ASSIGNED TASK:
The listing is to be transcribed in full, with its images left out.

AVAILABLE DATA:
──────────────────────────────

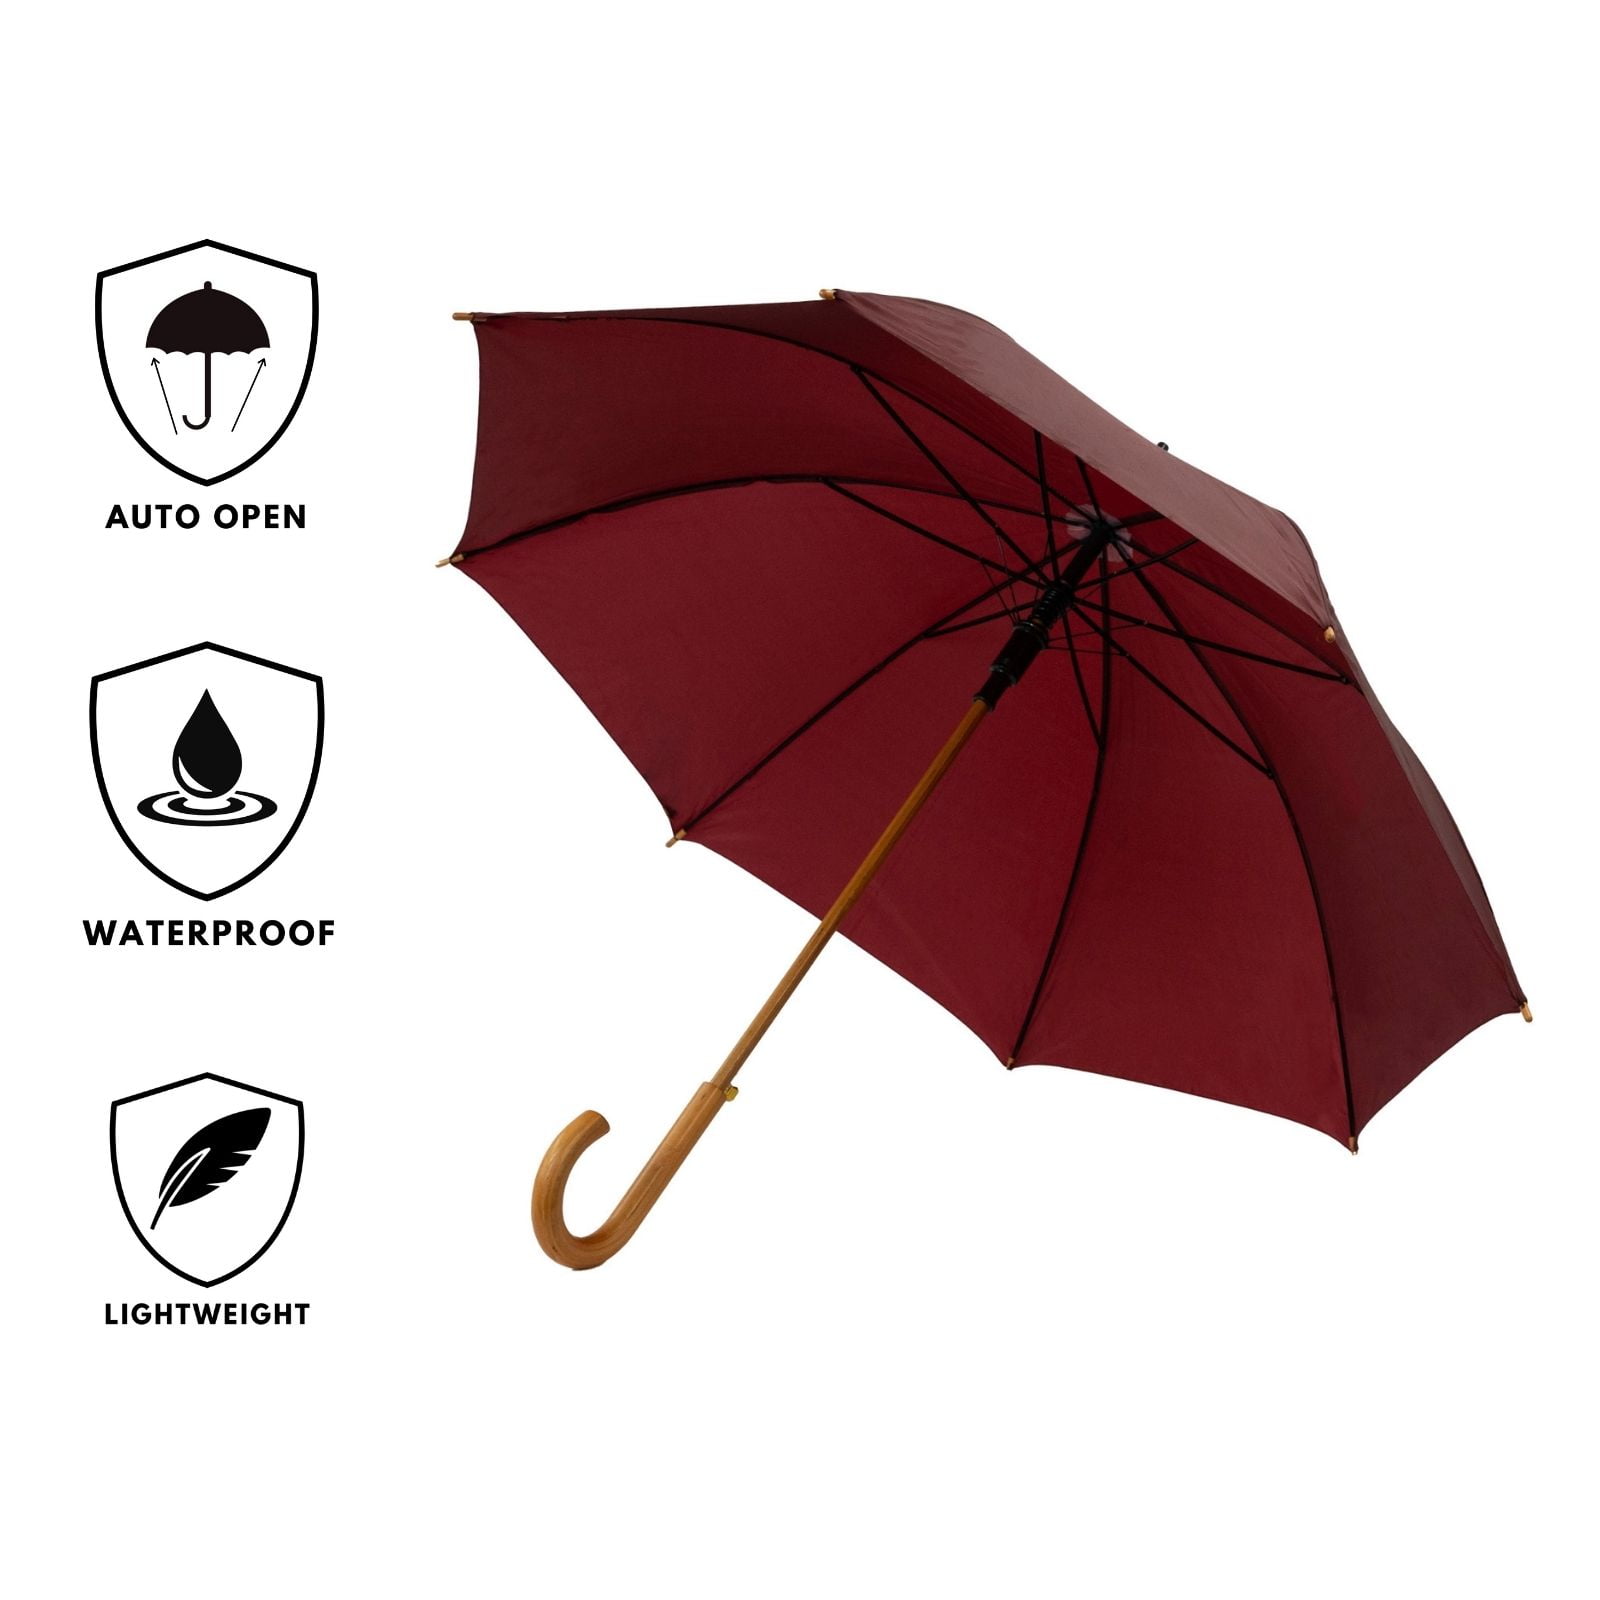 Maroon Wood Stick Umbrella features infographic
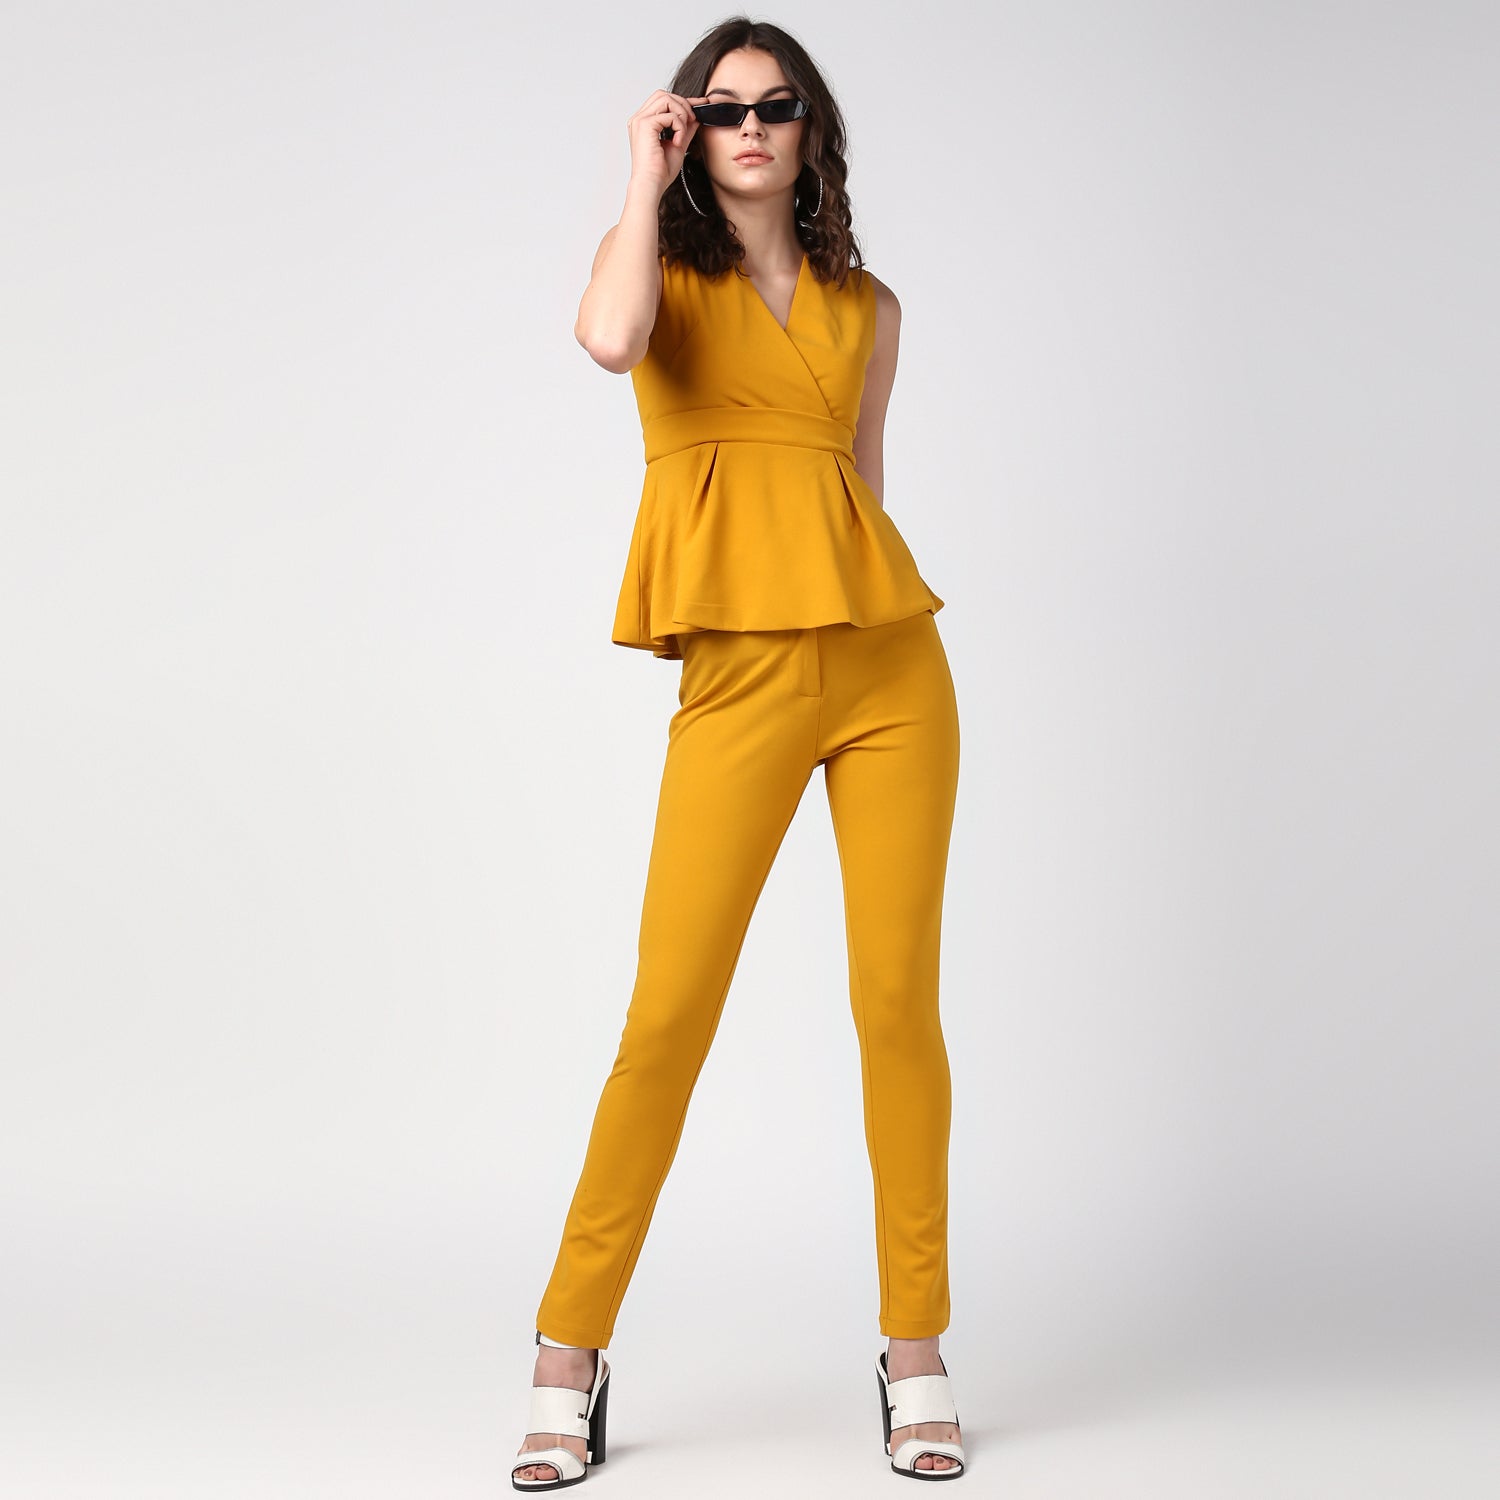 Women's Mustard Yellow Coordinated Peplum Top and Pants Set - StyleStone
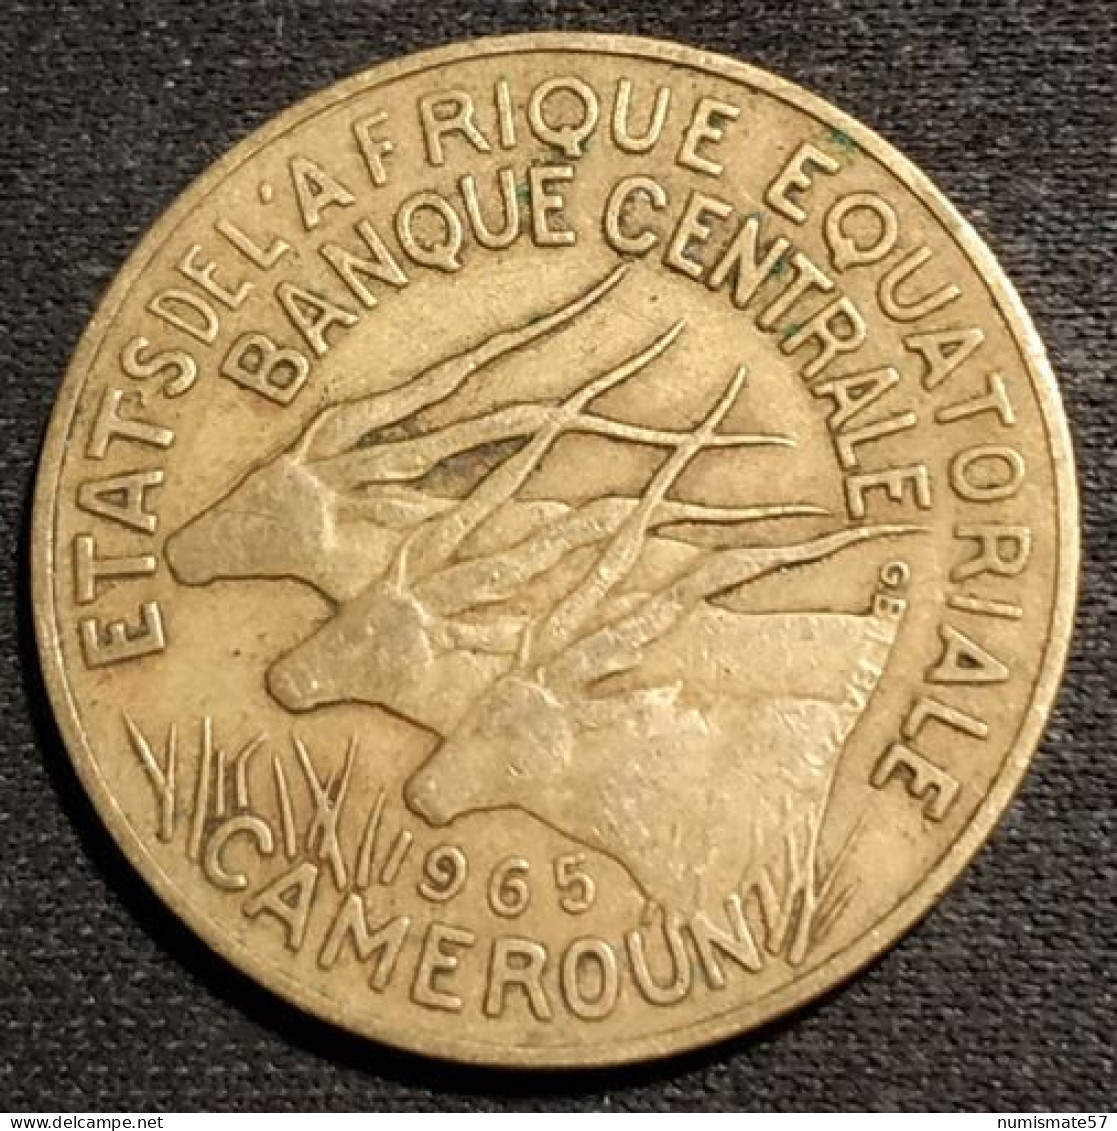 CAMEROUN - ETATS DE L'AFRIQUE EQUATORIALE - 10 FRANCS 1965 - KM 2a - Kamerun
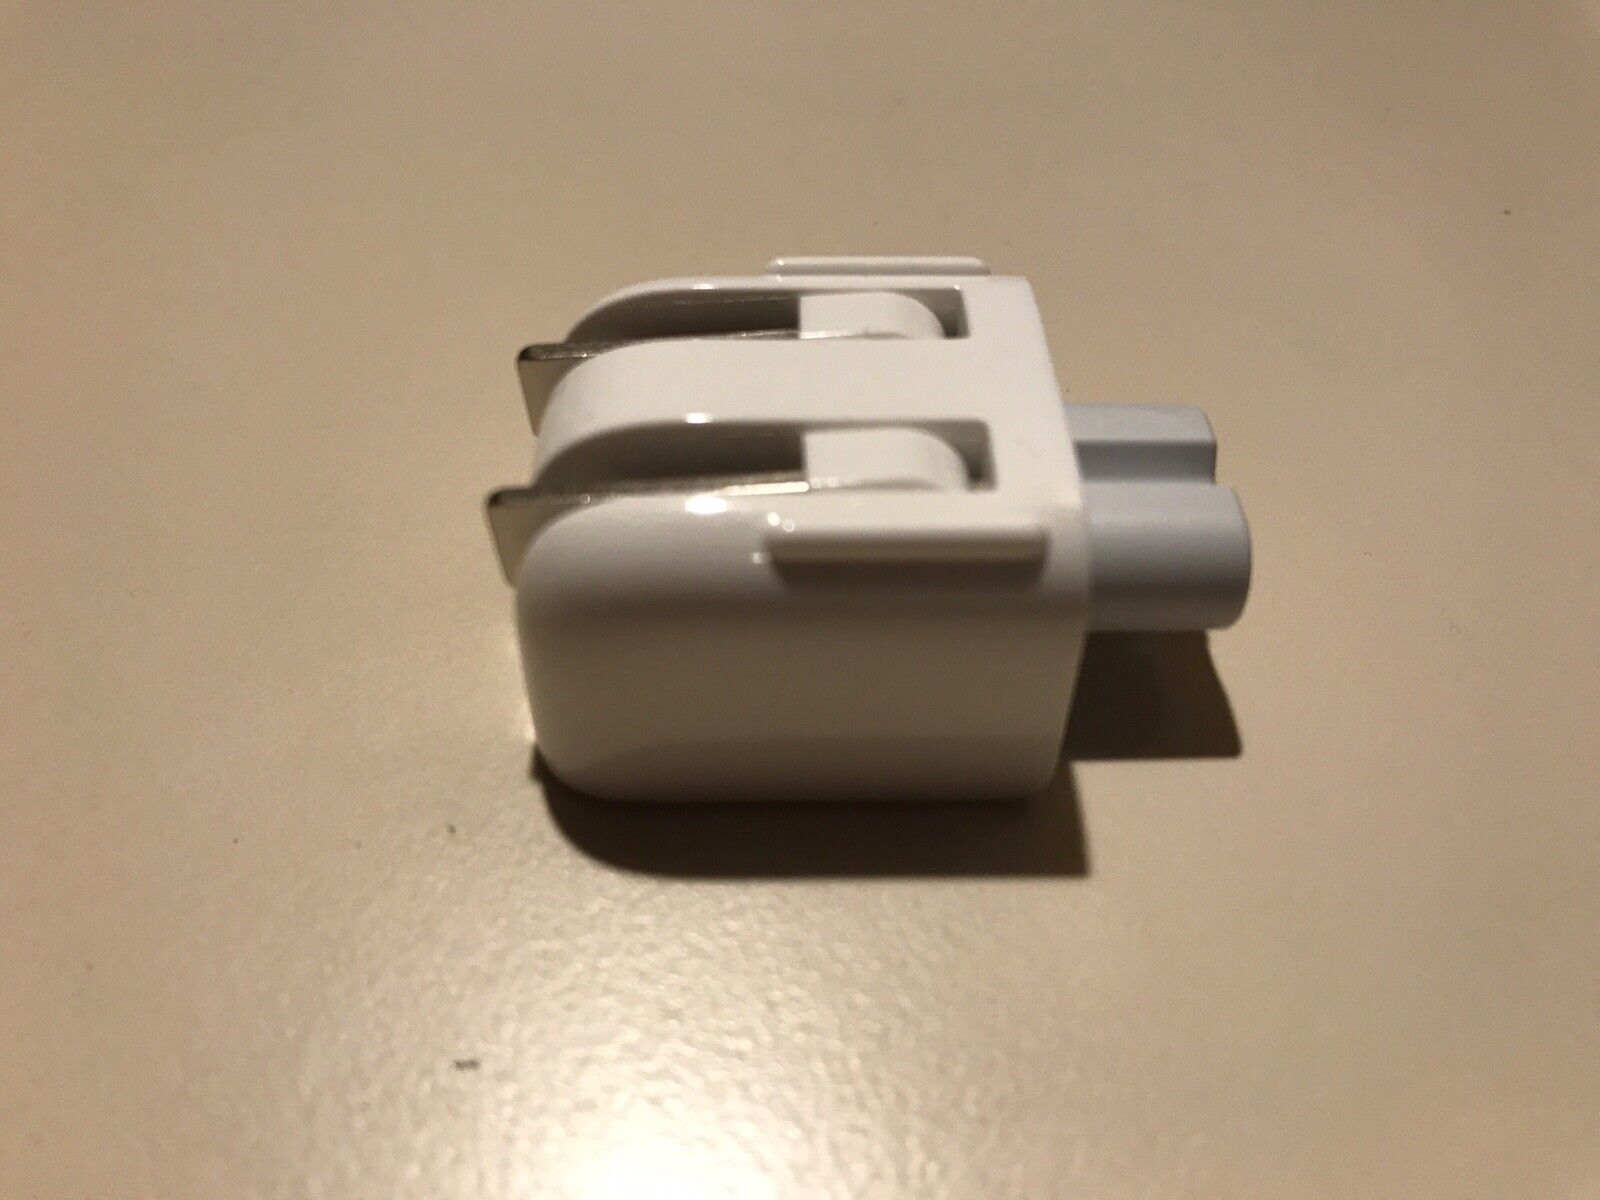 Apple OEM MacBook Charger 2-Prong Plug

──────────────────────────────

ANSWER TO THIS EXERCISE:
 Maroon Wood Stick Umbrella features infographic
 Women's Mustard Yellow Coordinated Peplum Top and Pants Set - StyleStone
 CAMEROUN - ETATS DE L'AFRIQUE EQUATORIALE - 10 FRANCS 1965 - KM 2a - Kamerun
 Apple OEM MacBook Charger 2-Prong Plug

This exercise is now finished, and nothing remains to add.